DataForFactAnal <- na.omit(CanW2[c(AIControllability, AIDread, CanLREconVariables)]) # Retirer les valeurs manquantes


# Extraire plusieurs solutions avec différents nombres de facteurs

efa_1 <- fa(DataForFactAnal, nfactors = 1, rotate = "oblimin", fm = "pa")
efa_2 <- fa(DataForFactAnal, nfactors = 2, rotate = "oblimin", fm = "pa")
efa_3 <- fa(DataForFactAnal, nfactors = 3, rotate = "oblimin", fm = "pa")
efa_4 <- fa(DataForFactAnal, nfactors = 4, rotate = "oblimin", fm = "pa")
# efa_5 <- fa(DataForFactAnal, nfactors = 5, rotate = "oblimin", fm = "pa")

(factor1stEigen <- round(eigen(cor(DataForFactAnal))$values[1], 2))
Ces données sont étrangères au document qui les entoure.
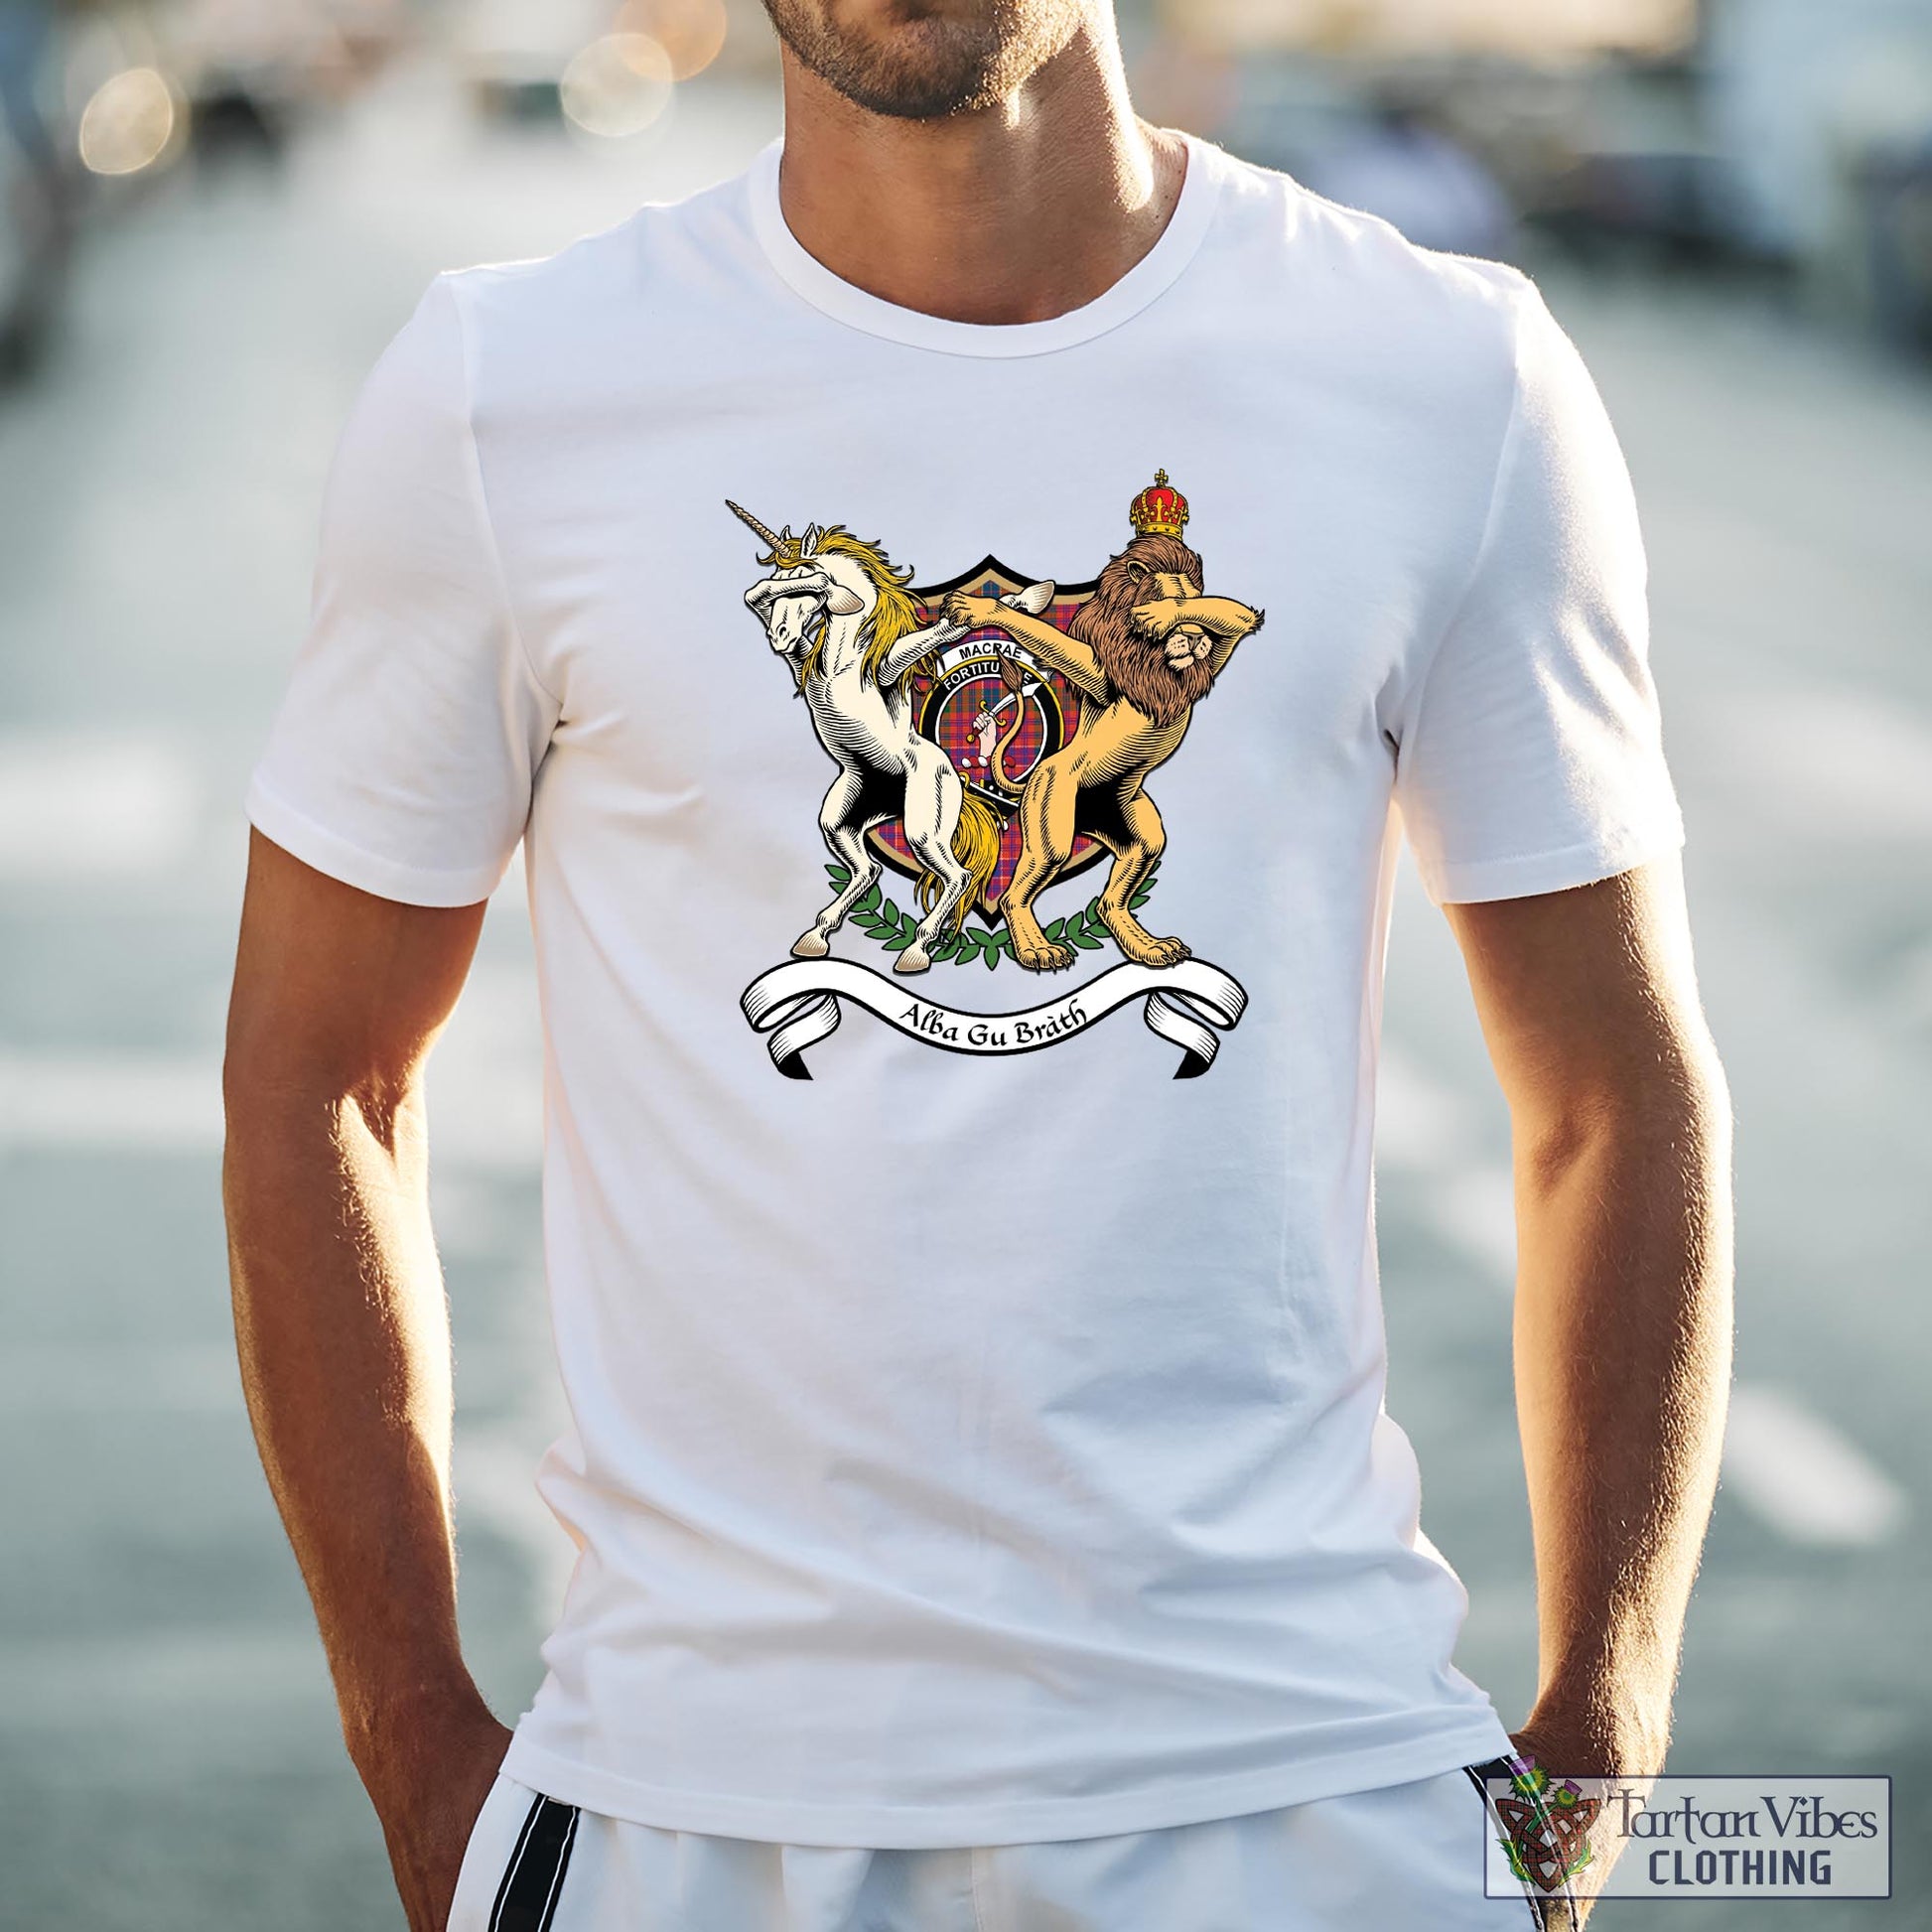 Tartan Vibes Clothing MacRae Ancient Family Crest Cotton Men's T-Shirt with Scotland Royal Coat Of Arm Funny Style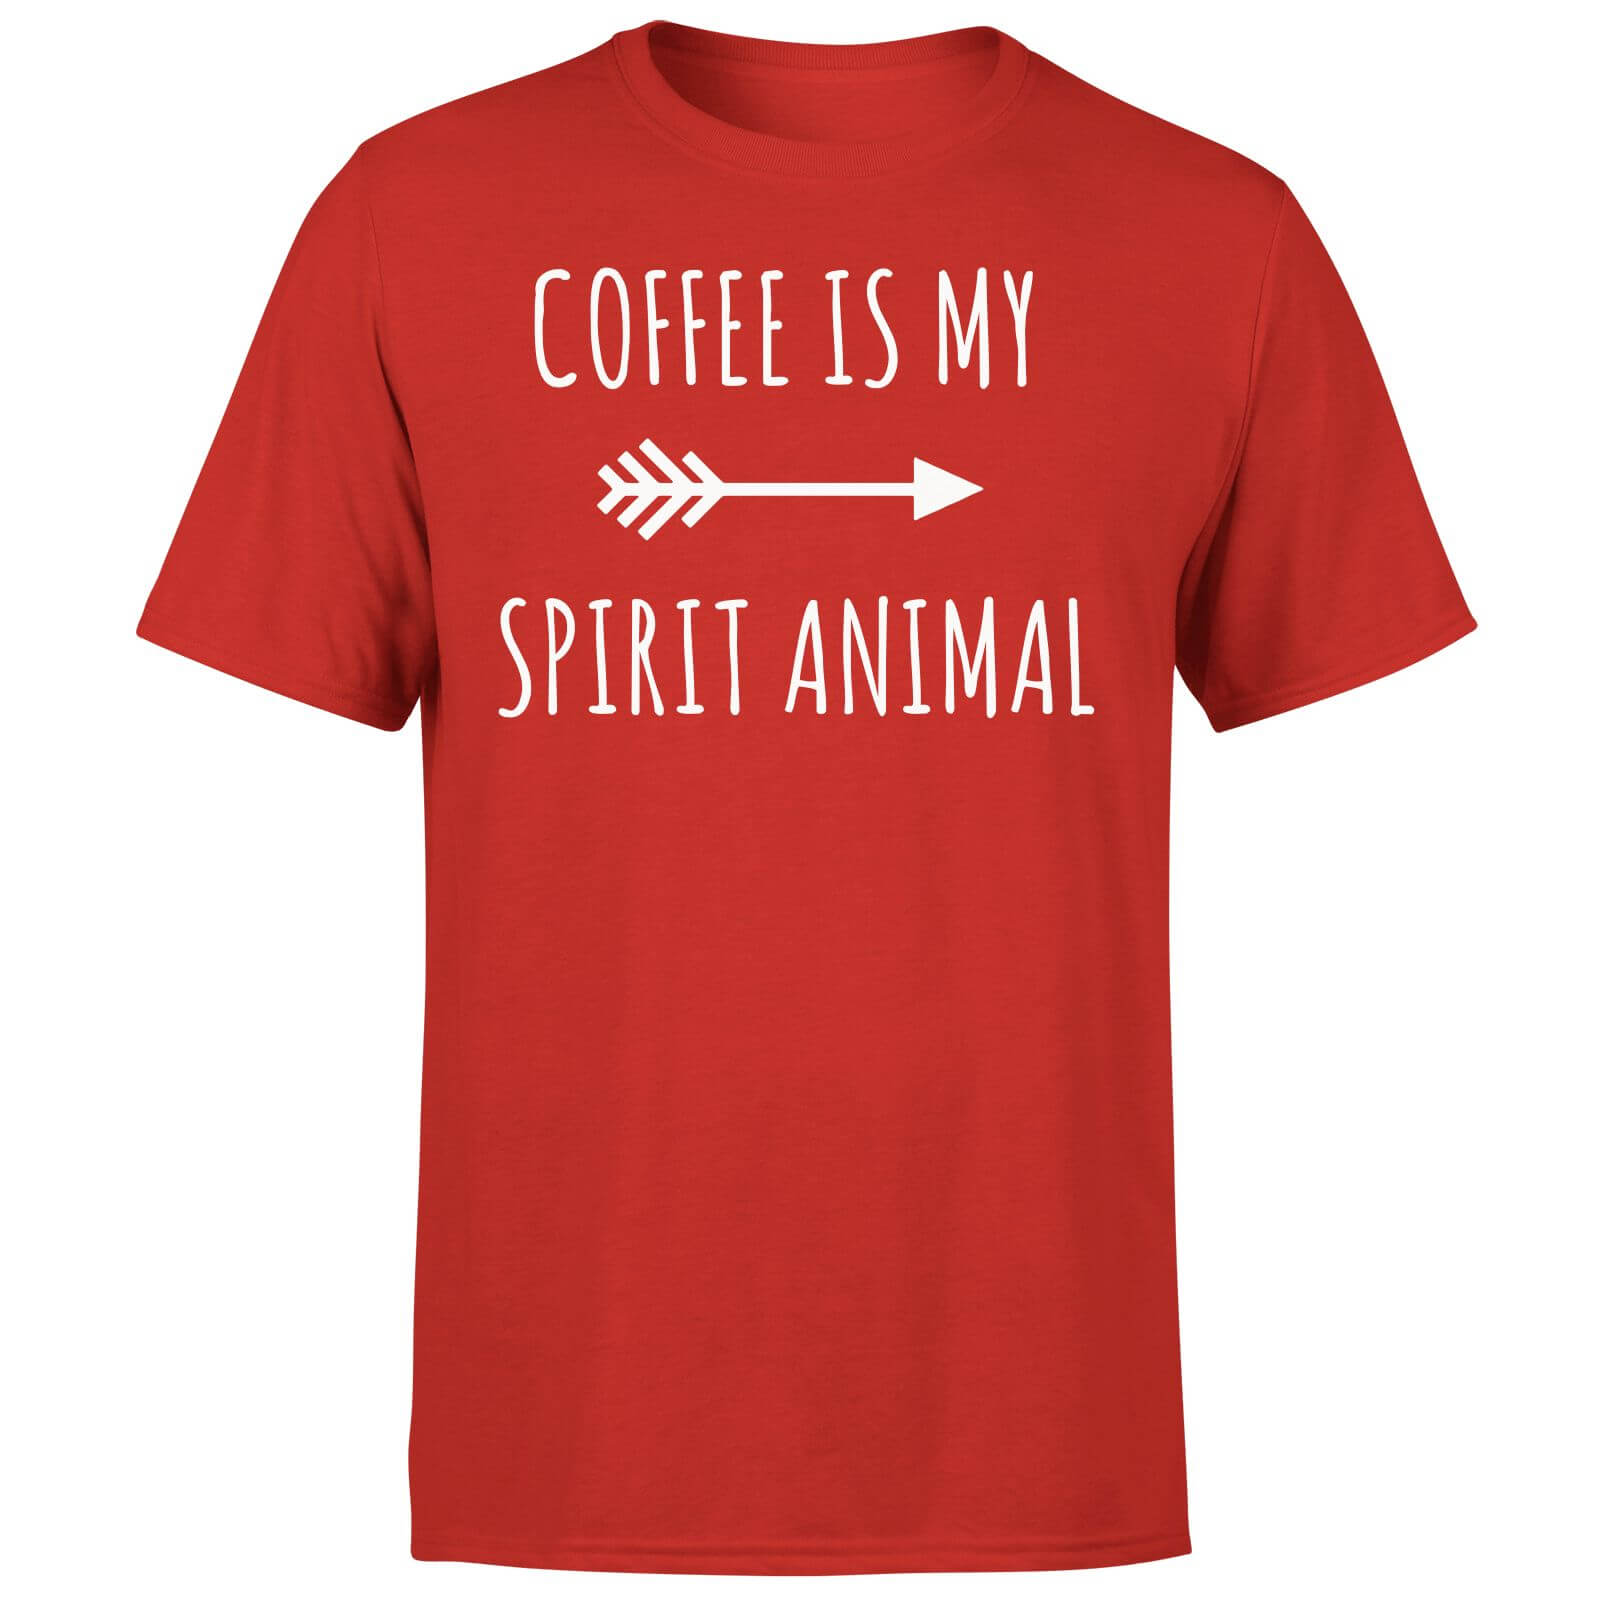 Coffee is my Spirit Animal T-Shirt - Red - S - Red

# Faire les tableaux avec factortable

efa_1
factortable(efa_1, output = "tinytable") |>
  # tinytable::style_tt(i = c(0, 12, 16, 19), bold = TRUE) |>
  # tinytable::style_tt(j = 2:6, align = "c") |>
  # tinytable::format_tt(escape = TRUE) |>
  print("html")

efa_2
factortable(efa_2, output = "tinytable") |>
  tinytable::style_tt(i = c(0, 12, 16, 19), bold = TRUE) |>
  tinytable::style_tt(j = 2:6, align = "c") |>
  tinytable::format_tt(escape = TRUE) |>
  print("latex")

efa_3
factortable(efa_3, output = "tinytable") |>
  tinytable::style_tt(i = c(0, 12, 16, 20), bold = TRUE) |>
  tinytable::style_tt(j = 2, i = c(5:8), bold = TRUE) |>
  tinytable::style_tt(j = 3, i = c(1:4), bold = TRUE) |>
  tinytable::style_tt(j = 4, i = c(9:11), bold = TRUE) |>
  tinytable::style_tt(j = 2:7, align = "c") |>
  tinytable::format_tt(escape = TRUE) |>
  print("latex")


efa_4
factortable(efa_4, output = "tinytable") |>
  tinytable::style_tt(i = c(0, 12, 16, 21), bold = TRUE) |>
  tinytable::style_tt(j = 2:8, align = "c") |>
  tinytable::format_tt(escape = TRUE) |>
  print("latex")

# Première valeur propre supérieure à 1, c'est bon!
# Vérification de la cohérence interne avec Cronbach's alpha
(cronbachAlpha <- round(psych::alpha(DataForFactAnal)$total$raw_alpha, 2))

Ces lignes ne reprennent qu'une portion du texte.